Ложь

Томас Ханли всегда воспринимал себя и был воспринимаем другими как человек без сердца. Жесткий, холодный, твердо придерживающийся этики пуританской морали, он жил мудро, но не хорошо.

Он был наименее любимым и наиболее уважаемым человеком в Бертоне. Тяжелый, упорный труд и несгибаемая воля сделали его хозяином лесопилки, в которой в свое время он начинал еще чернорабочим. В этом и состояла вся его жизнь.

Ни один человек не был проще его и не проявлял меньше, чем он, признаков милосердия. Ни один не заработал свое состояние честнее, и ни один человек не держал его в руках прочнее Томаса Ханли.

Сила сама по себе замечательна, и это можно понять, но кроме нее Томас обладал еще и собственной идеей. Он ненавидел фальшь, вежливость, компромиссы и — особенно — ложь. Строгая, доскональная, суровая правдивость не являлась предметом его гордости; для него она была естественна. Когда кто-нибудь видел, скажем, что солнце поднялось в шесть часов, он мог бы засомневаться в точности своих часов, но если Томас Ханли сказал, что солнце встало в шесть утра, то, значит, так оно и было. Заслужить такой авторитет не так-то просто.

Придерживаться подобных правил означало исключить из своей жизни все легкомысленное. Никто как не ожидал, так и не получал ни толики великодушия или симпатии из рук Томаса Ханли. Он достиг возраста сорока лет, ни разу не допустив проявления ни несправедливости, ни доброты, ненавидя одну лишь ложь и не любя никого.

Город уже начинал развлекать себя догадками относительно следующего хозяина лесопилки. В Бертоне не было никого, кто имел бы причину надеяться на такое наследство; Ханли презирал благотворительные институты, и, уж конечно, ни у кого не было шансов выйти за него замуж.

Джим Блад, например, твердо заявил о своей уверенности в том, что Ханли скорее сожжет лесопилку с собой вместе, чем позволит кому-либо наложить на нее лапу. А уж когда родной город начинает шутливо поговаривать о вашей смерти, значит, вам действительно пора на тот свет.

И вот, обычным майским вечером обитатели Бертона испытали такой шок, от которого нескоро смогли оправиться. Новости путешествовали по городу из конца в конец примерно с такой же скоростью, с какой вращались самые огромные колеса на пресловутой лесопилке. Это было немыслимо, беспрецедентно, просто невероятно. Томас Ханли шел с Мэри Барбер!

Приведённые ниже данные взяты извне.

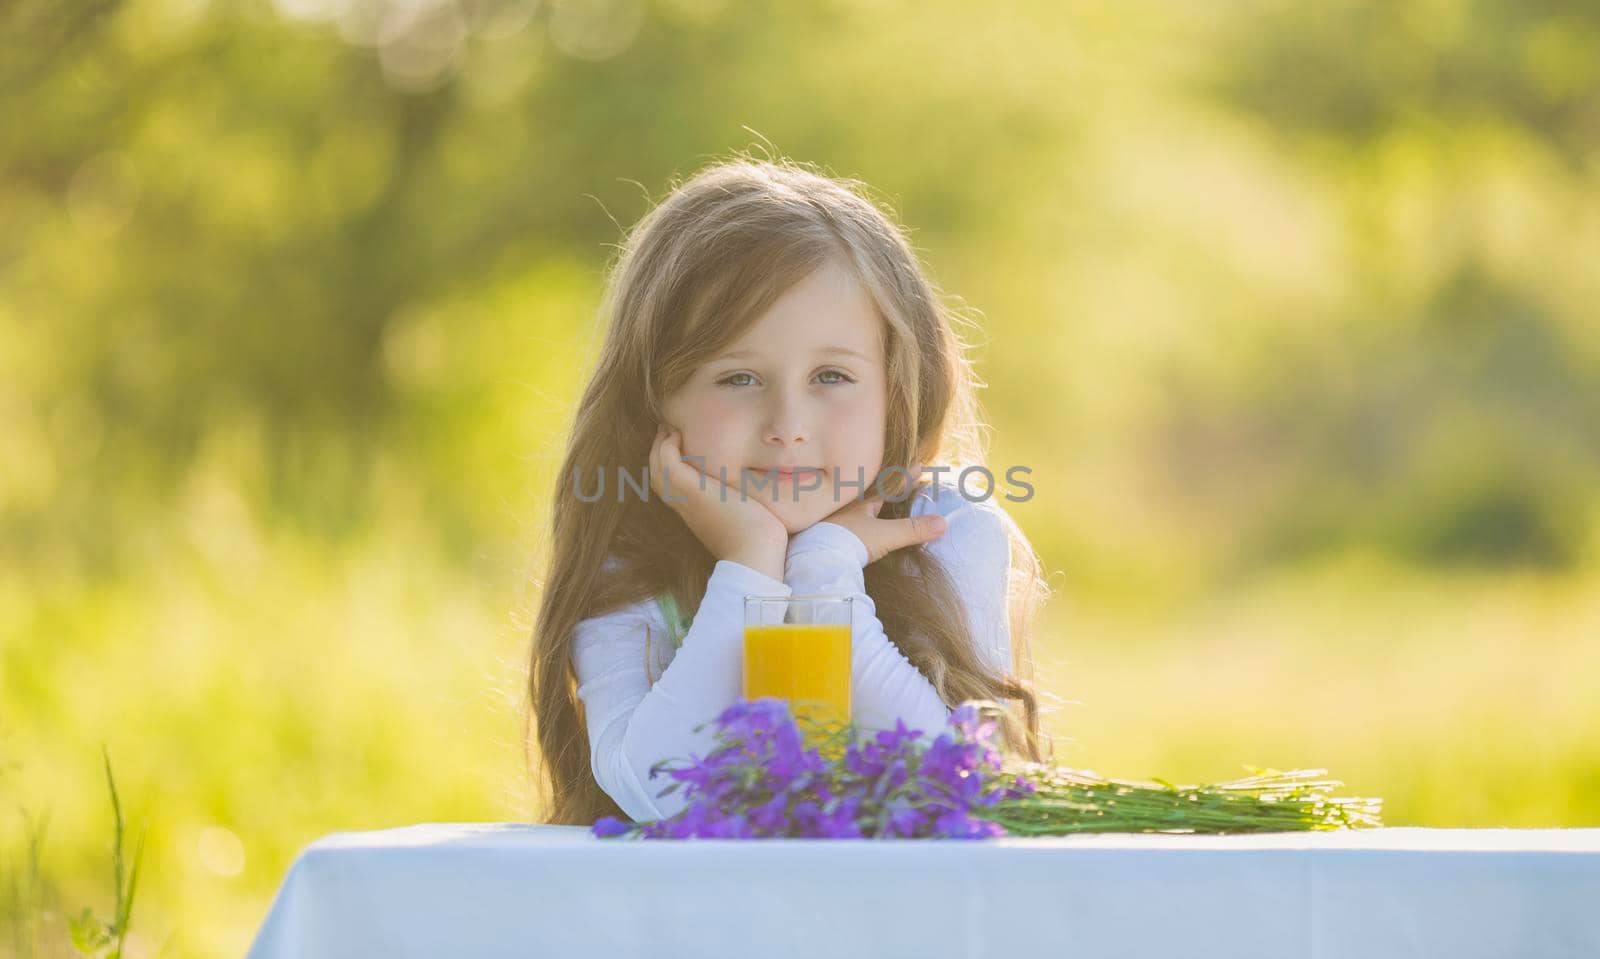 little girl in nature with a glass of orange juice

Бертон готовился к худшему, и оно не заставило себя долго ждать. Ухаживание протекало весьма необычным образом. Никто не верил, что Ханли мог влюбиться. Он и сам наполовину сомневался в этом. Но он знал, что Мэри была нужна ему больше, чем что-либо еще в его жизни, и двигался к достижению поставленной цели в своей строгой и планомерной манере.

Молоденькая, хорошенькая Мэри пользовалась популярностью. Первые авансы Ханли скорее испугали и удивили ее, но вскоре она привыкла к ним. Возможно, она никогда по-настоящему не любила его, но пристальное внимание человека, игнорировавшего целый мир, льстило ее тщеславию. Вдобавок у нее была мать, а у него — лучшее дело в Бертоне. Такой расклад не имел вариантов решения, и в сентябре они поженились.

Довольно скоро Мэри обнаружила, что в новом доме ей не стоит ожидать радостей или удовольствий. Ханли любил так же, как и жил — строго и честно. Необщительный по природе и угрюмый по привычке, он счел бы невозможным разделять маленькие интересы и шалости, составлявшие для Мэри главную прелесть жизни, даже если бы и попытался. Ничего не требуя от нее, он давал жене всю свободу, о которой она только могла просить, но сам держался в стороне от праздных, невинных занятий, какими та научилась развлекать себя.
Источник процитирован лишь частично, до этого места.